Astrodynamics
Task 2 / 47
MannedLunarLanding
This benchmark targets soft-landing trajectory optimization for a crewed lunar lander under thrust limits, propellant use, and dynamical/path constraints. The goal is a feasible trajectory from orbit to terminal conditions that lands safely while saving fuel where possible.
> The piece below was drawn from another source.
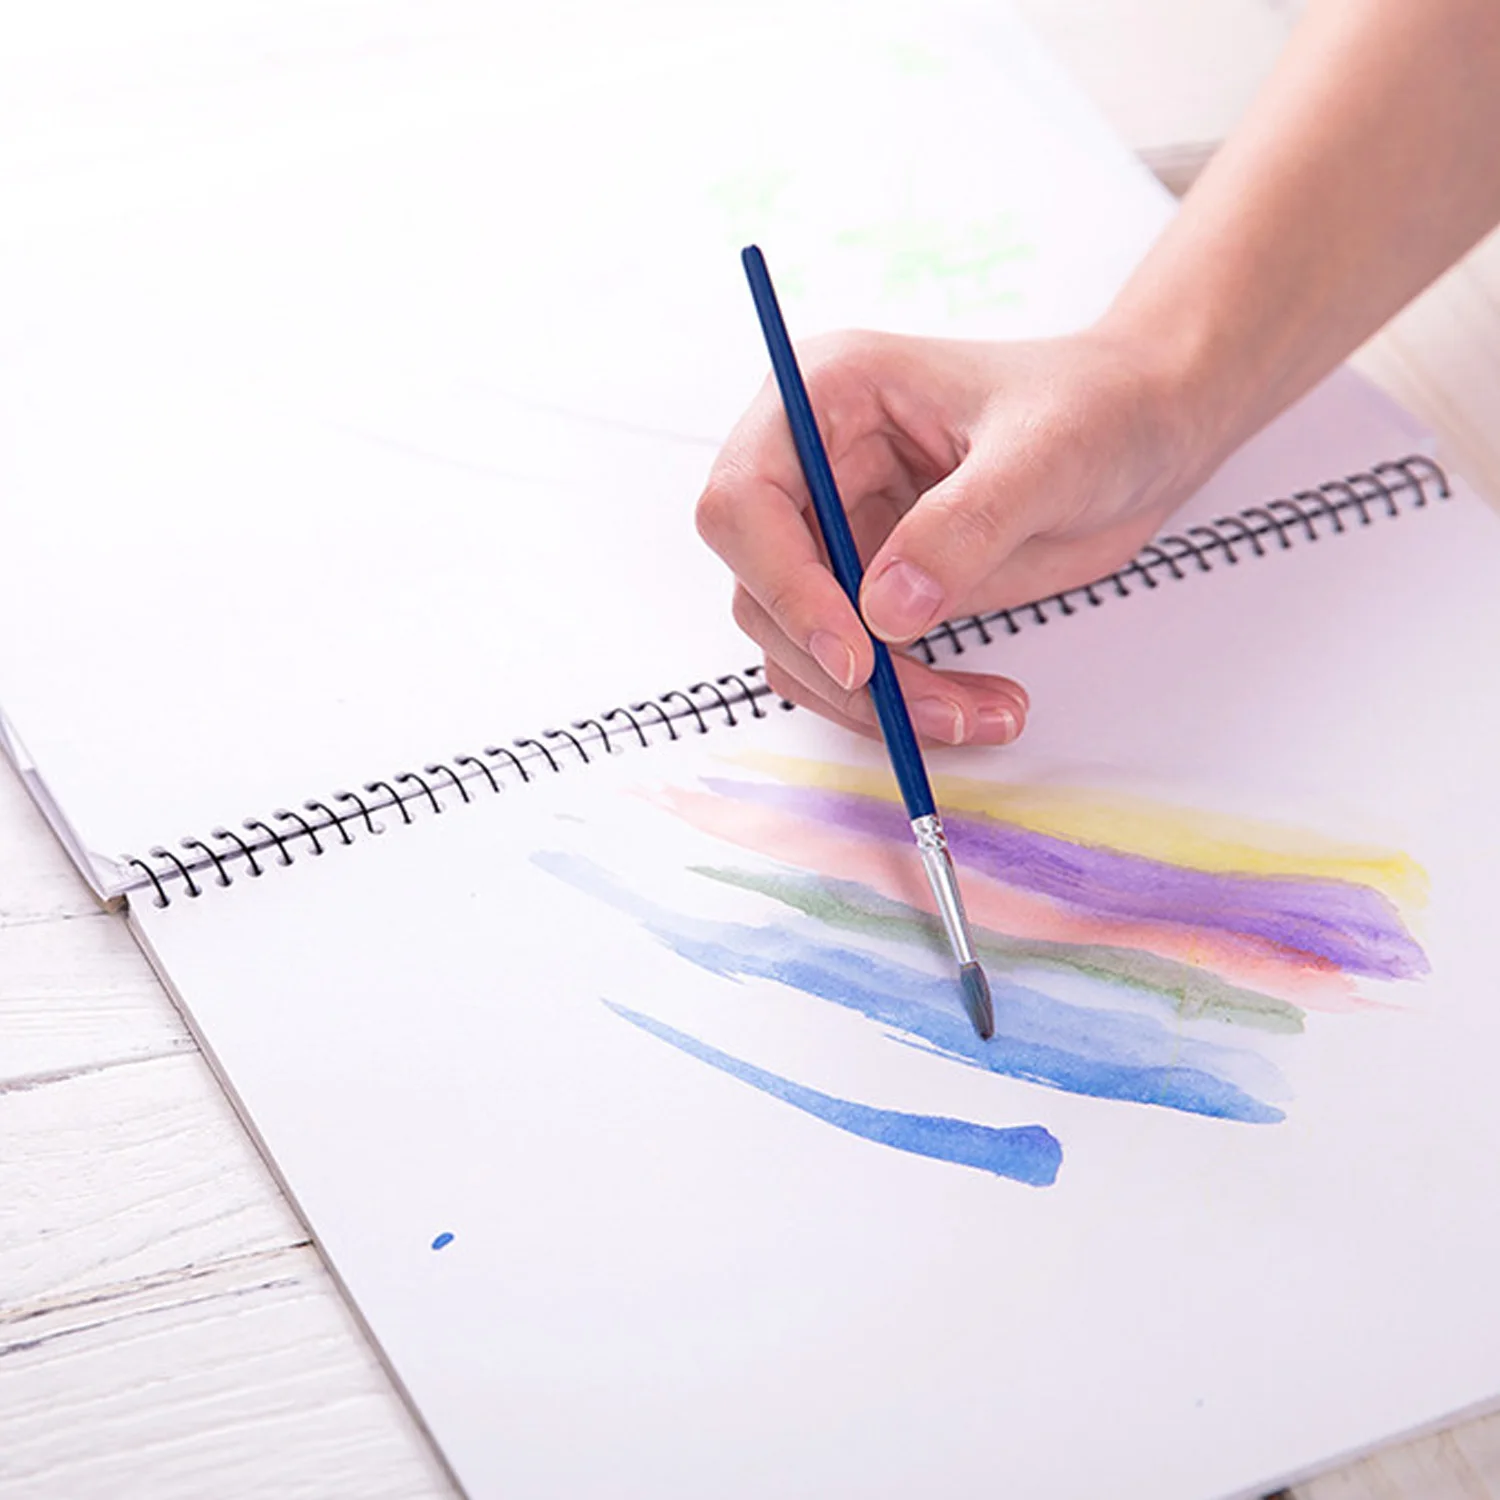 Cumpara online 24 de Culori 12ml Acuarelă, Vopsele de Ulei Vopsea Pigmenți Set pictate manual pentru Studenții Pictura Desen Graffiti de Artă | Noi www.magazinuldan.ro

Evaluation stresses nonlinear optimal control, constraint satisfaction, and terminal accuracy—typical of real astrodynamics optimization.
Model leaderboard
| # | Participant | Score |
|---|---|---|
| 1 | GLM-5 | 100.0 |
| 2 | GPT-5.4 | 92.1 |
| 3 | DeepSeek V3.2 | 66.4 |
| 4 | Claude Opus 4.6 | 64.1 |
| 5 | SEED 2.0 Pro | 6.9 |
| 6 | Gemini 3.1 Pro Preview | 4.3 |
| 7 | Grok 4.20 | 0.0 |
| 8 | Qwen3 Coder Next | 0.0 |
Framework leaderboard
| # | Participant | Score |
|---|---|---|
| 1 | GPT-OSS + ShinkaiEvolve | 100.0 |
| 2 | Claude Opus 4.6 + ABMCTS | 61.0 |
| 3 | Claude Opus 4.6 + OpenEvolve | 53.8 |
| 4 | GPT-OSS + OpenEvolve | 37.6 |
| 5 | Claude Opus 4.6 + ShinkaiEvolve | 34.7 |
| 6 | GPT-OSS + ABMCTS | 0.0 |
Score is the normalized score for this task (0–100, higher is better).